10) Security Measures
- <Name of Organisation> will store personal data securely using up-to-date versions of G-Suite software. Only employees who are authorised to have access will have access to the relevant personal data. Unauthorised sharing of personal data will be addressed as a violation of the code of conduct at <Name of Organisation> and suitable grievance redressal processes will be initiated.
- We follow Google’s data deletion processes in order to ensure that all data is securely deleted.
- Despite our best efforts, no data transmission or storage system can be guaranteed to be 100% secure.

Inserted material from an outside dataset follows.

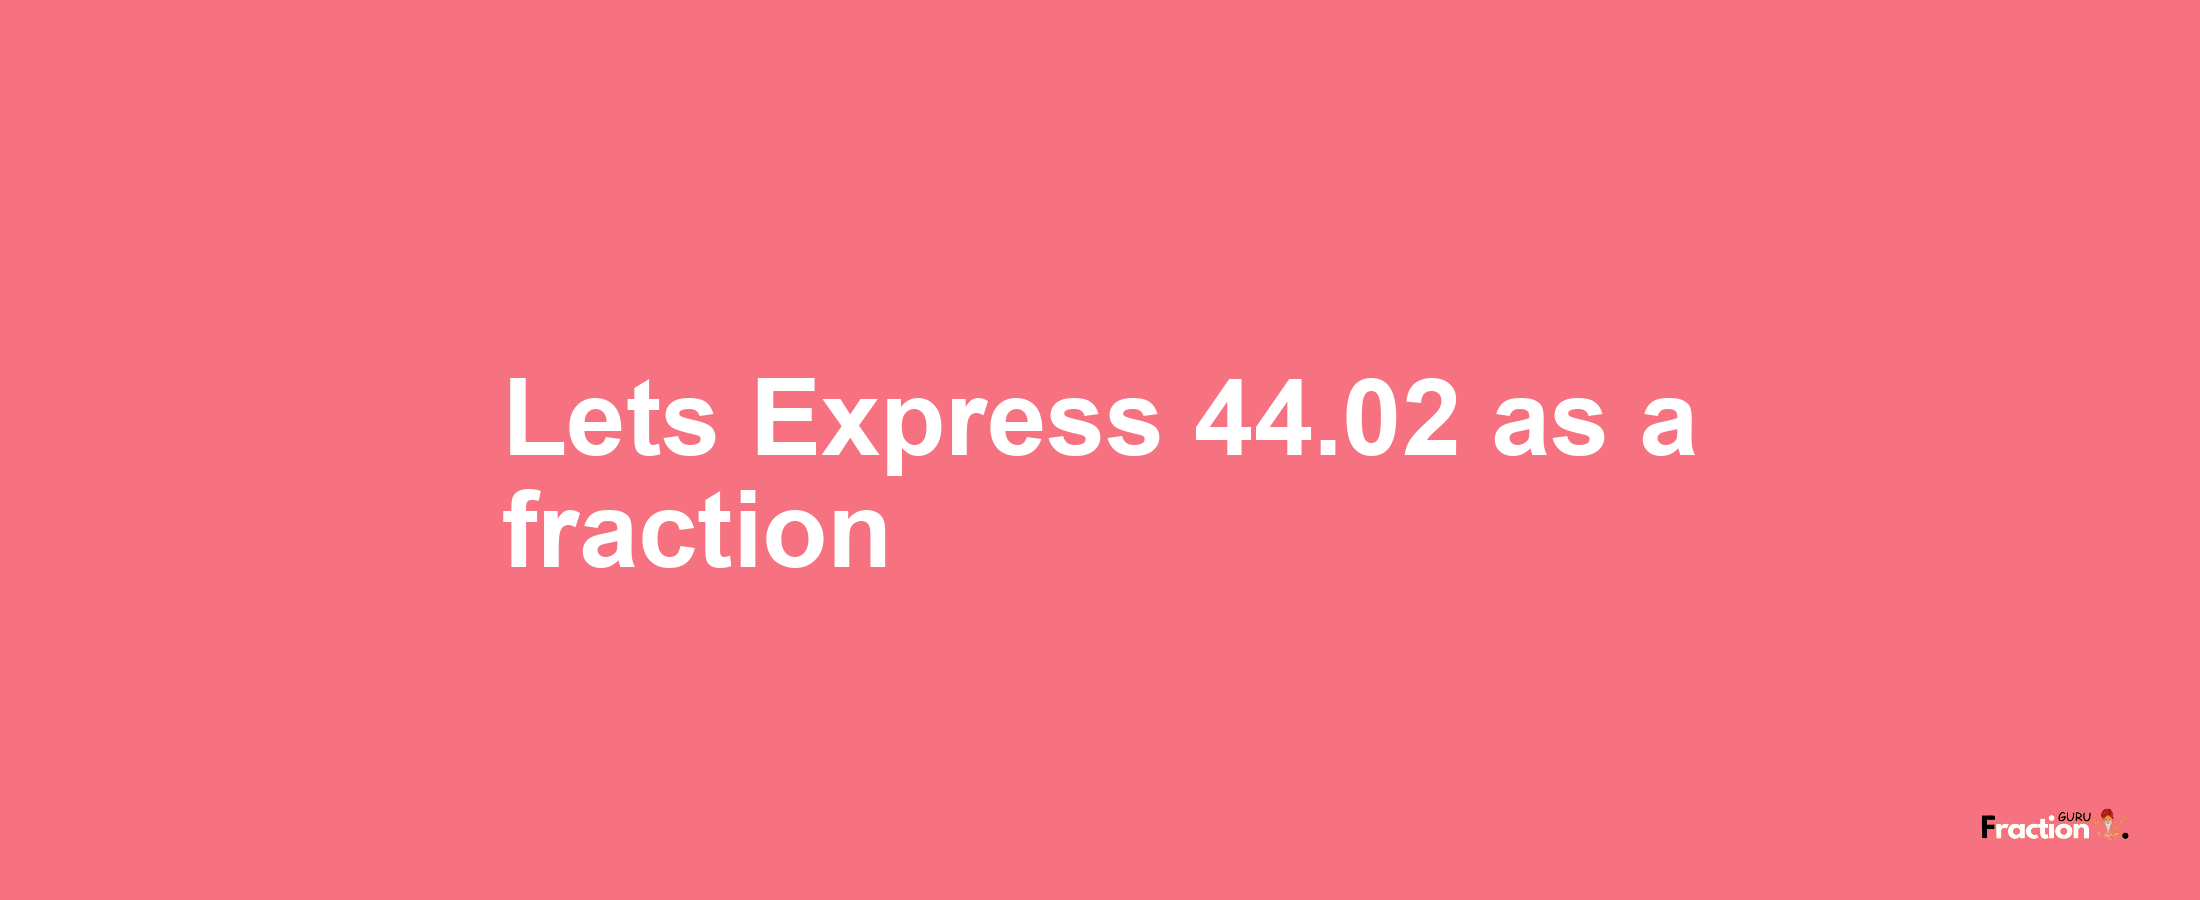 Lets Express 44.02 as afraction

If you have reason to believe that your interaction with us is no longer secure, please contact us immediately.
11) Your Rights and Choices
- You have certain rights and choices regarding your personal data.

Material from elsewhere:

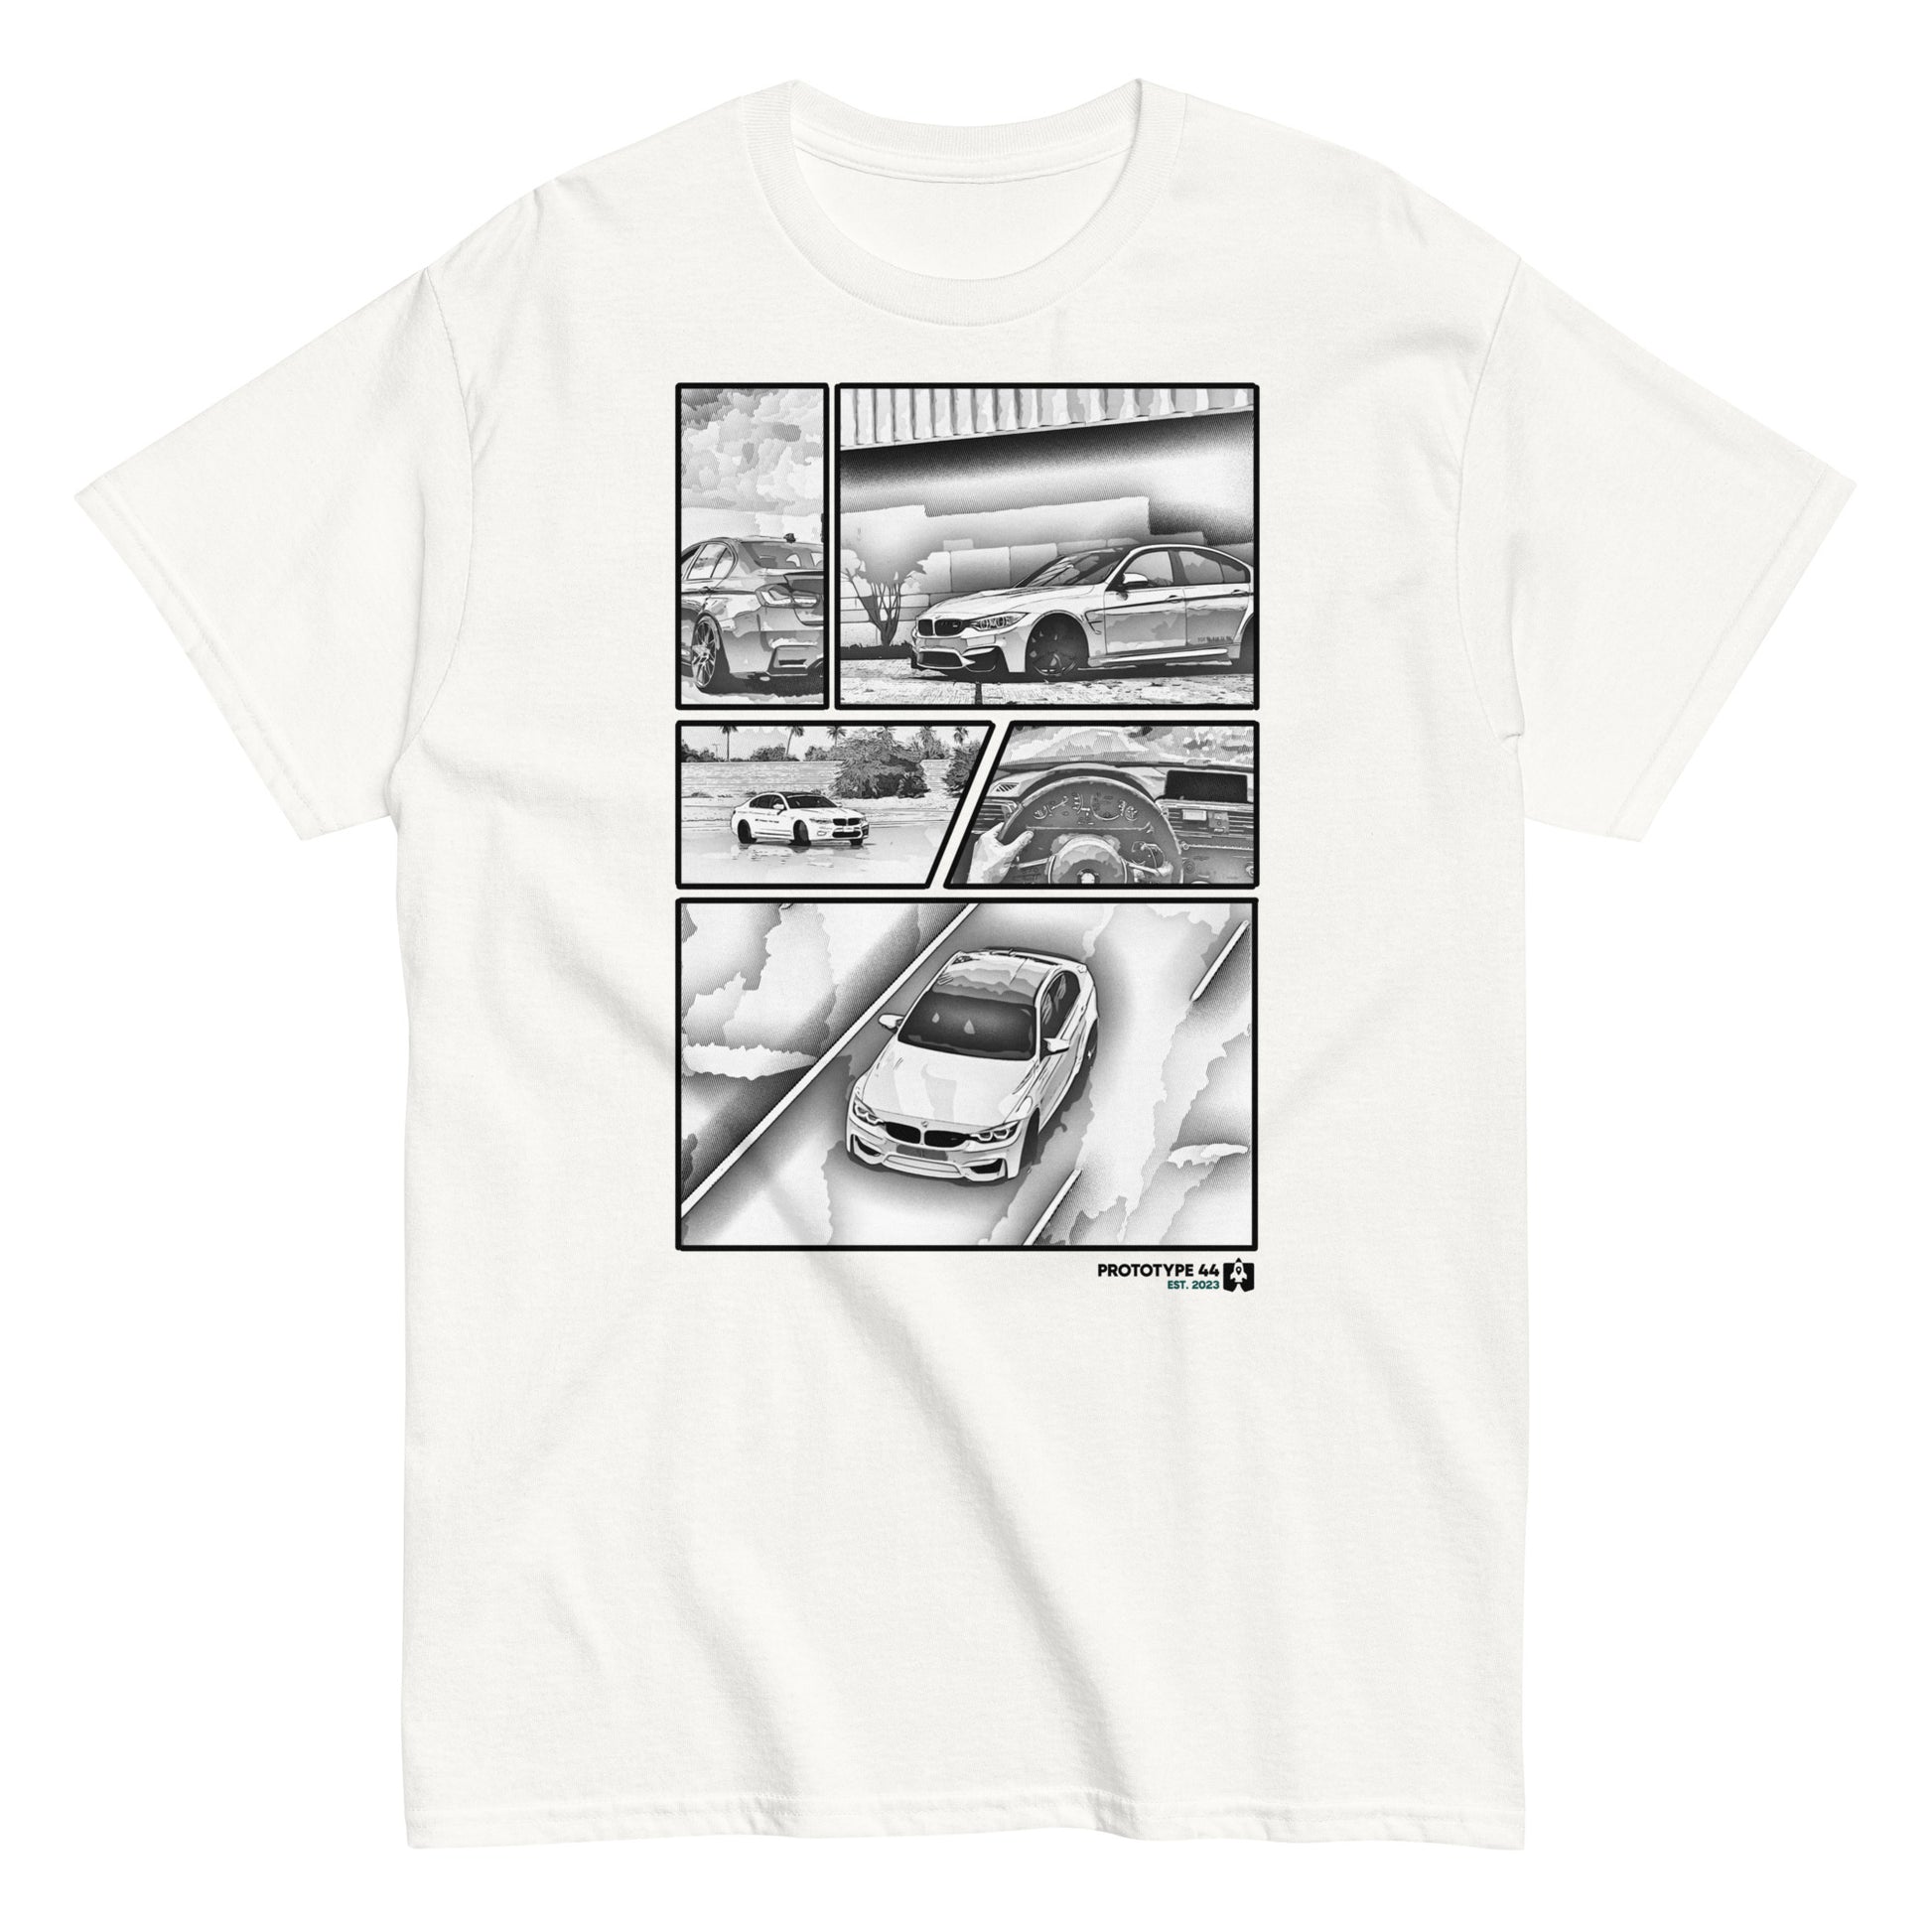 BMW M3 white t-shirt on a white surface

- You can request access to the personal data we hold about you.
- You can request the correction of inaccurate or incomplete personal data.
- Unlawful processing: If we have collected or processed your personal data unlawfully, you have the right to request its deletion.

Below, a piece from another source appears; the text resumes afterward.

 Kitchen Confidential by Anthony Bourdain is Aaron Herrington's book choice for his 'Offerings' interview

- Exercising your right to object: If you have concerns regarding the collection or purpose of your personal data, you have the right to object to its processing. If you exercise this right and we do not have valid reasons to continue processing your data, you can request the deletion of the relevant personal data.
- In order to exercise any of these rights, please reach out to us at <Email Address of Organisation> and we will address your query within 72 hours. Please note that this timeframe may be affected by holidays and weekends. In such instances, you will receive an out-of-office email notification from us.
12) Third-Party Links
Our website may contain links to third-party websites or services. We are not responsible for the privacy practices or content of those third-party sites.
13) Updates to this Privacy Policy
We will update this Privacy Policy from time to time to reflect changes in our practices or legal requirements. We will notify you of any material changes by posting the updated policy on our website or other means. We encourage you to review this Privacy Policy periodically to stay informed about how we collect, use, disclose, and protect your personal data.
14) Grievance Redressal
If your personal data has been handled in violation of this policy or you are aware of mismanagement of personal data <Name of Organisation>, you are requested to raise a complaint through the grievance redressal form.